Weaving living moss into a garment — to move the relationship between human and moss from looking to interfering.
I turned a dead metaphor from 13th-century Japanese poetry — koke no koromo, “the robe of moss” — into a living garment: a wearable that breathes, cools, resists, and dies, forcing co-existence to be negotiated on the skin rather than admired from a distance.
For over a thousand years, the relationship between people and moss in Japan stayed inside a single, unbroken frame: the viewer and the viewed.
Moss appears in waka poetry, temple gardens, bonsai, glass terrariums — and across all of them the human holds the power to assign meaning while the moss is arranged to be looked at. The physical distance narrowed over the centuries, from distant gardens to a terrarium on a desk, but the form of the relationship never changed. Moss remained an object of contemplation, never a participant.
I wanted to test whether that frame could be broken — not argued against in theory, but broken in matter, on a body, with a living organism that could refuse.
The project began as cross-disciplinary artistic research, deliberately holding together three fields usually kept apart — and the insight that organised everything came from their intersection.
A metaphor whose meaning has drained away is not a dead end. It is an opening. If the old koke no koromo stood for spiritual separation from the world, a new one could be built to mean physical connection to it.

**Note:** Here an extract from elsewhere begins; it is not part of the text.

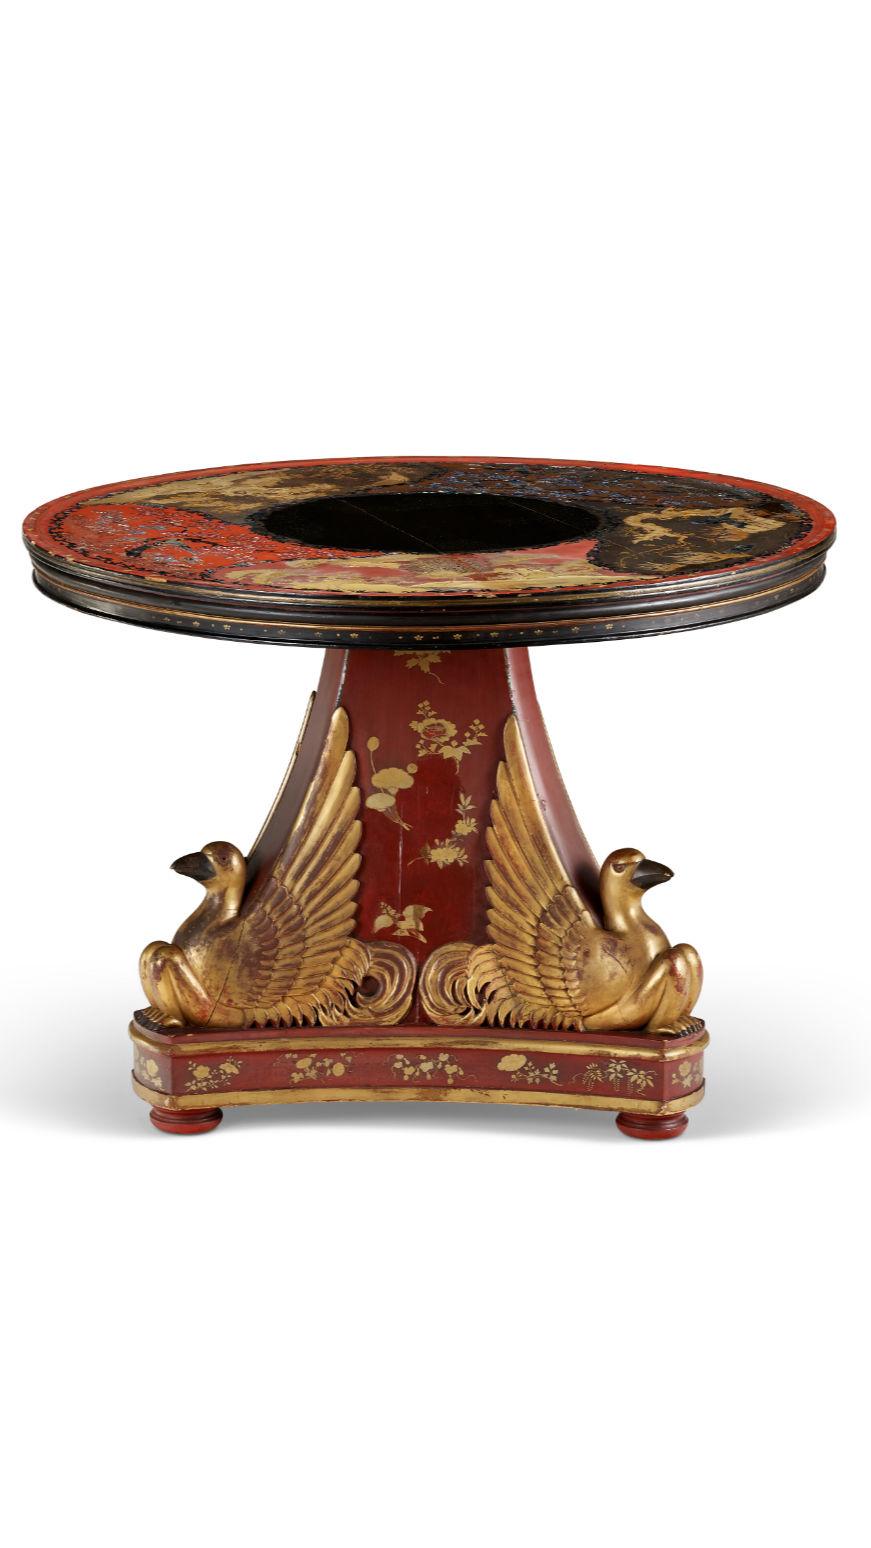 Gilt Japanese Export Red Lacquer Center Table with European Pedestal

The medieval poets never wore moss. They wore the idea of moss. My proposition was to collapse that distance to zero — and see what relationship emerges when a human and a living organism share the same few millimetres of space.The concept · 03
The first attempt — a “moss vest” bound by the plant's own rhizoids — held for about fifteen minutes, then collapsed the moment I shifted posture.
Worse, the spore-bearing moss, worn close to the face, caused respiratory irritation severe enough that I wore a dust mask thereafter. A double failure — structural and physiological.
It became the most important result of the early phase: it proved that wearing a living thing is not a strength problem but a relationship problem — one that includes the body's own defensive rejection.
So I redesigned around the moss's own biology.
Working the stems by hand, I found a directional rule: twisted crosswise they will not join, but twisted along the growth axis they interlock. Exploiting wet/dry cycling to soften and then set the fibres, I spun living moss thread — then hand-wove it into moss cloth.
I did not want the claim “this works” to rest on impression. In a university materials lab, I ran tensile tests on a precision universal testing machine, benchmarked against cotton and polyester — and reported the results plainly, including the limits.
Twist as first-order structure, weave as second. Together they gave a living organism enough integrity to be worn.
The finished cloth held its structure through hours of movement — bending, twisting, walking — without unravelling. Not mass-producible fabric; a designed result, arrived at through iteration and measurement rather than luck.
I wore the moss cloth into the mountains where the moss was gathered, and sat in zazen on a rock for about an hour.
Stillness was a design decision: only by holding still could the garment's real function — transmitting the environment into the skin rather than shielding it — accumulate slowly enough to be felt. What happened was not harmony. It was negotiation, and it cut both ways.
I warmed the moss: the moss chilled me. The closer we pushed toward union, the more clearly our incompatible physiologies asserted themselves. I named this thermal conflict — where each party's preferred condition is the other's stress, and neither can have both.熱的相克 · netsuteki sōkoku
Drawing on Tim Ingold's account of making as correspondence — the maker answering a material's own force rather than imposing a plan — the weaving was exactly this: I found the moss's rules and shaped my actions, even my fingertips, around them.
Applied across the species line, the pursuit of resonance produced not resonance but physiological refusal. I take that refusal as the finding, not the disappointment. If life is a meshwork generated through entanglement rather than through separate, self-contained individuals, then the discomfort — the cold, the die-off, the insects, the rejection — is the evidence that a real crossing with another being took place.
So the project proposes a third model of co-existence, beyond contemplation and beyond management: co-existence as mutual interference — where both parties step out of safety, accept that the other can alter and damage them, and keep searching for a temporary point of balance. For the Anthropocene, that negotiated, lossy, non-harmonious entanglement may be a more honest picture of living with other species than any image of seamless harmony.
And the whole act had a shape: the moss was borrowed, not taken. Gathered living from a mountainside, spun and woven and worn — passed through the human cycle of production, use, and consumption — and then carried back and returned, still alive, to the same rock it came from. The garment was never a product to be kept. It was a loan from a living system, held for a while at the closest possible distance, and given back.